Disclosure of Invention
1. The technical problem to be solved is as follows:
the problem of poor dust removal effect that exists because of high temperature damage among the dust pelletizing system technology of current, pressure is not enough and leads to.
2. The technical scheme is as follows:
aiming at the defects of the prior art, the invention provides a high-temperature-resistant pressurized graded composite dust remover, which comprises a dust removing mechanism and a pressurized air inlet mechanism, the supercharging air inlet mechanism is arranged on the outer wall along the tangential direction of the wall of the dust remover, the dust removing mechanism is a high-temperature resistant composite dust removing mechanism and comprises a ceramic filter sleeve and filter elements, two layers of tube plates are arranged, the tube plates divide a dust removing chamber into an upper part, a middle part and a lower part, the filter elements are hung on the tube plates on the uppermost layer in a plurality of rows, the ceramic filter sleeve is hung on the tube plates on the lowermost layer in a plurality of rows, the filter elements correspond to the ceramic filter sleeves one by one, each ceramic filter sleeve is sleeved outside the corresponding filter element, the filter element filtering sleeve is provided with fine and dense through holes, the hole diameter is larger than the hole diameter of the surface of the filter element, one end of the ceramic filtering sleeve is provided with an opening which is connected with a pipe plate flange, one end of the ceramic filtering sleeve is provided with an opening which is connected with the filtering sleeve ash removal device, one end of the filtering sleeve ash removal device is an air inlet, and the other end of the filtering sleeve ash removal device is connected.

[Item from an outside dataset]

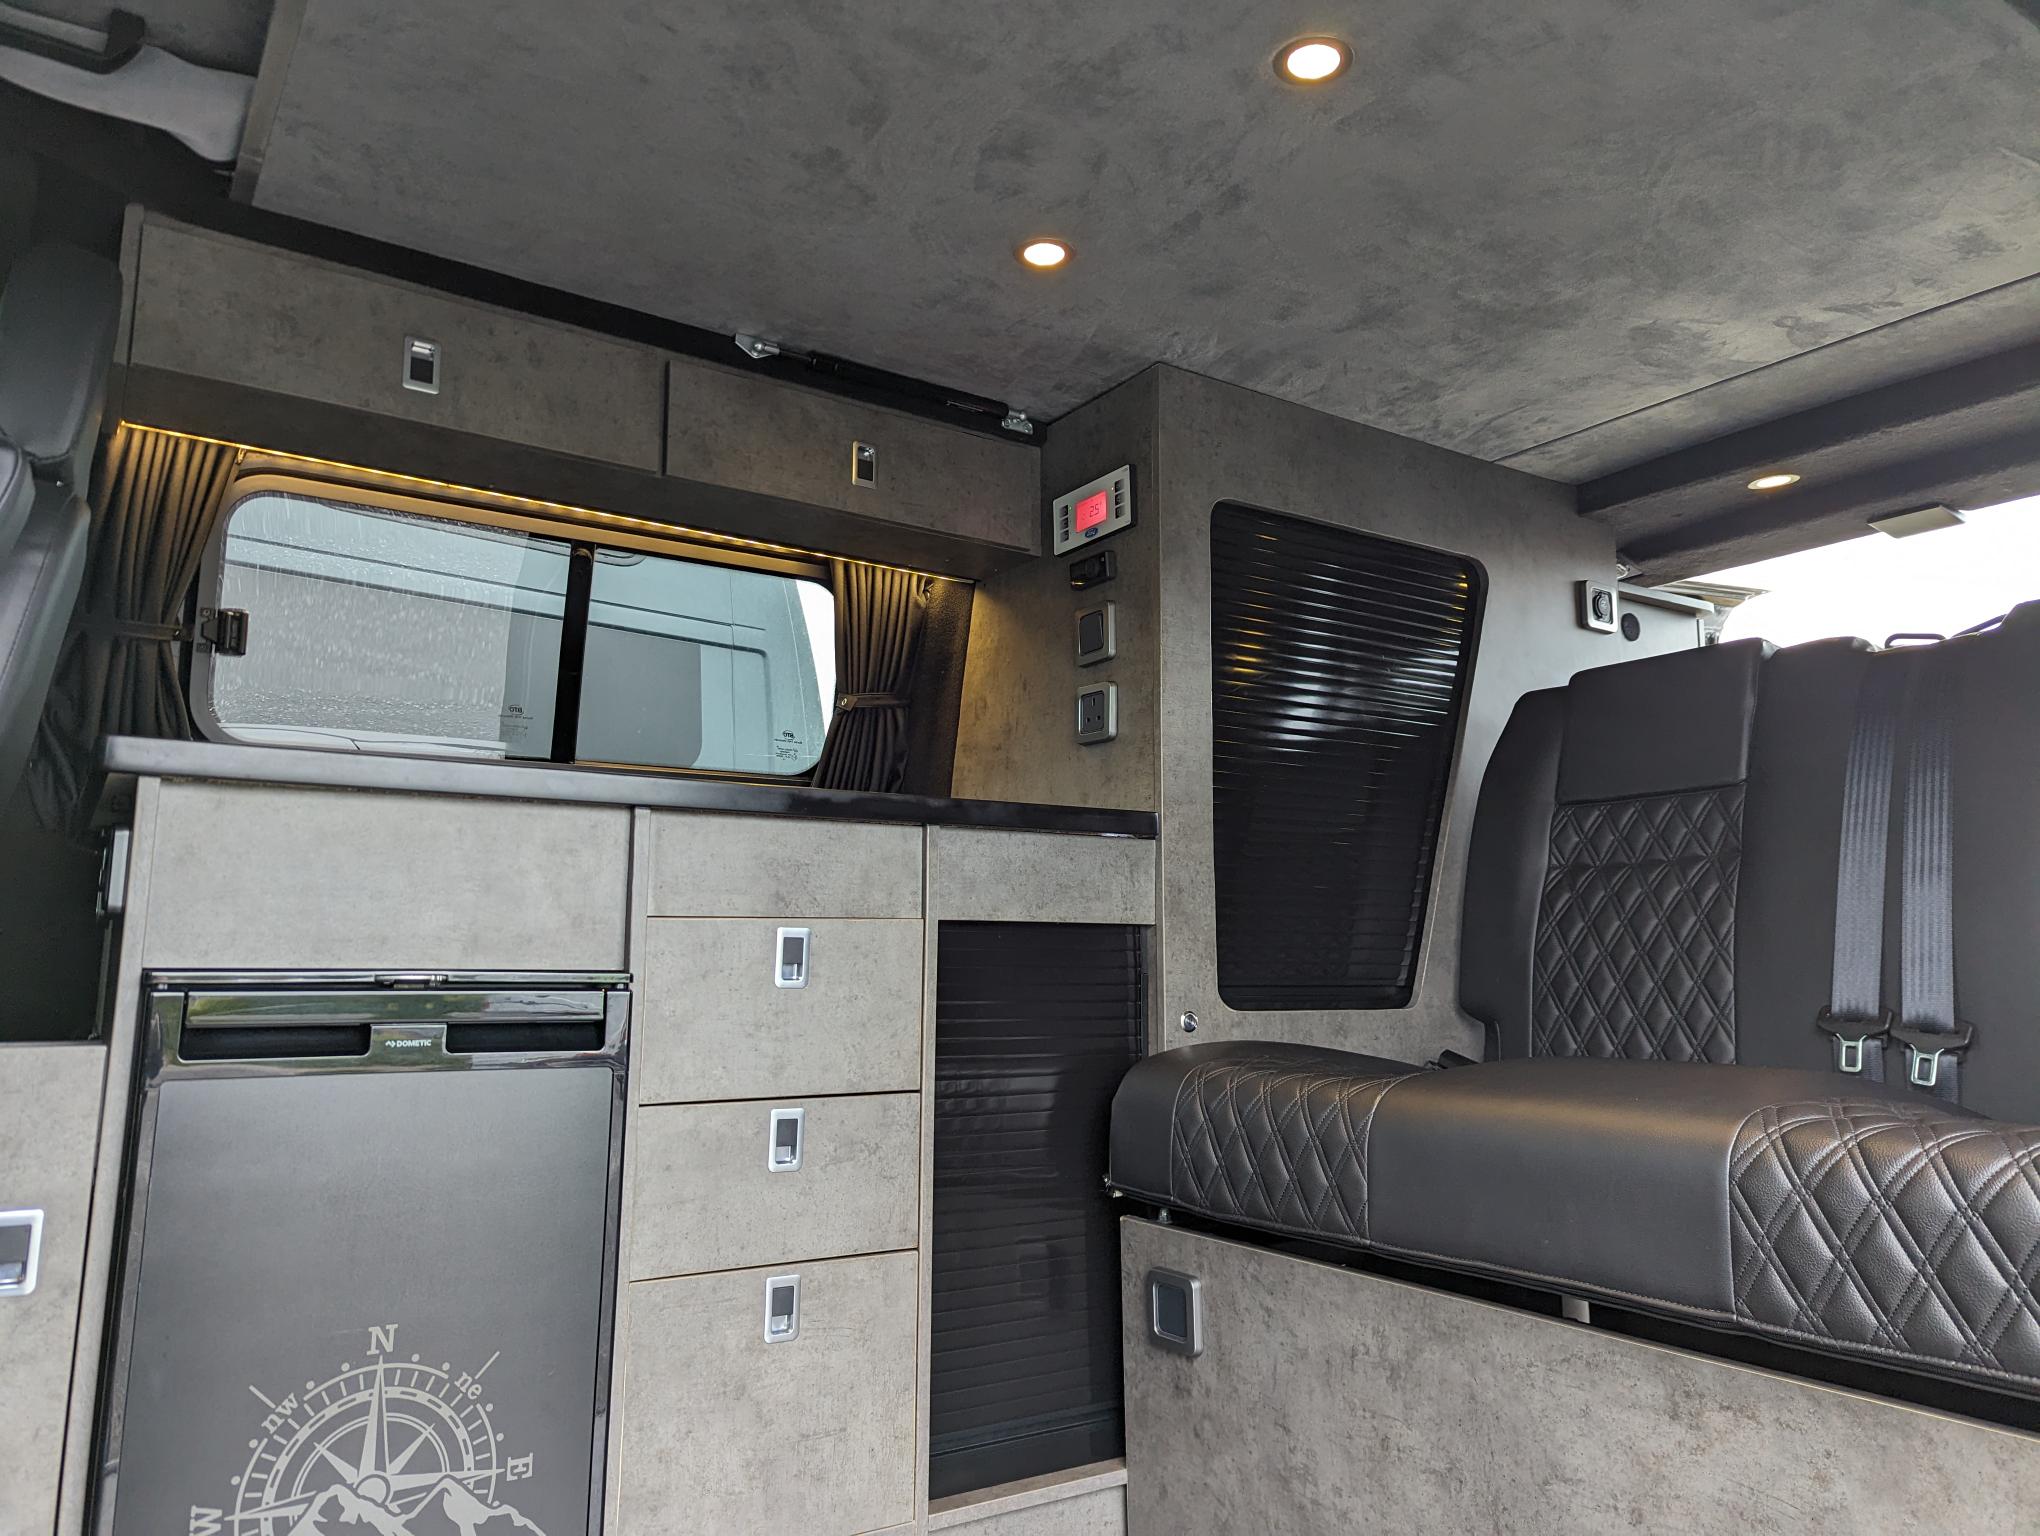 FORD TRANSIT CUSTOM LIMITED For Sale Thumb

The supercharging air inlet mechanism comprises a bent pipe and a diffuser, a nozzle is arranged at an air outlet of the bent pipe, the diameter of the nozzle is smaller than that of the bent pipe, a throat is arranged in front of an air outlet of the diffuser of the supercharging mechanism, the diameter of the throat is smaller than that of the diffuser, and gas discharged from the nozzle enters the diffuser through the throat.
The filter element is a filter bag type filter element, the filter bag is in a circular shape, and the pore diameter of the micro-pore on the surface of the filter bag is smaller than that of the surface of the filter element.
The filter bag material of filter core is polytetrafluoroethylene.
The ash removal device for the filter sleeve is a cylindrical inclined tube, the ceramic filter sleeve is in a long cylindrical shape, the bottom end of the ceramic filter sleeve is a round angle, the inclined tube is arranged at the bottom of the ceramic filter sleeve and connected with the ceramic filter sleeve, one end of the inclined tube is an air inlet, and the other end of the inclined tube is connected with the ash bucket.
The inclined tube and the horizontal plane form a-degree included angle.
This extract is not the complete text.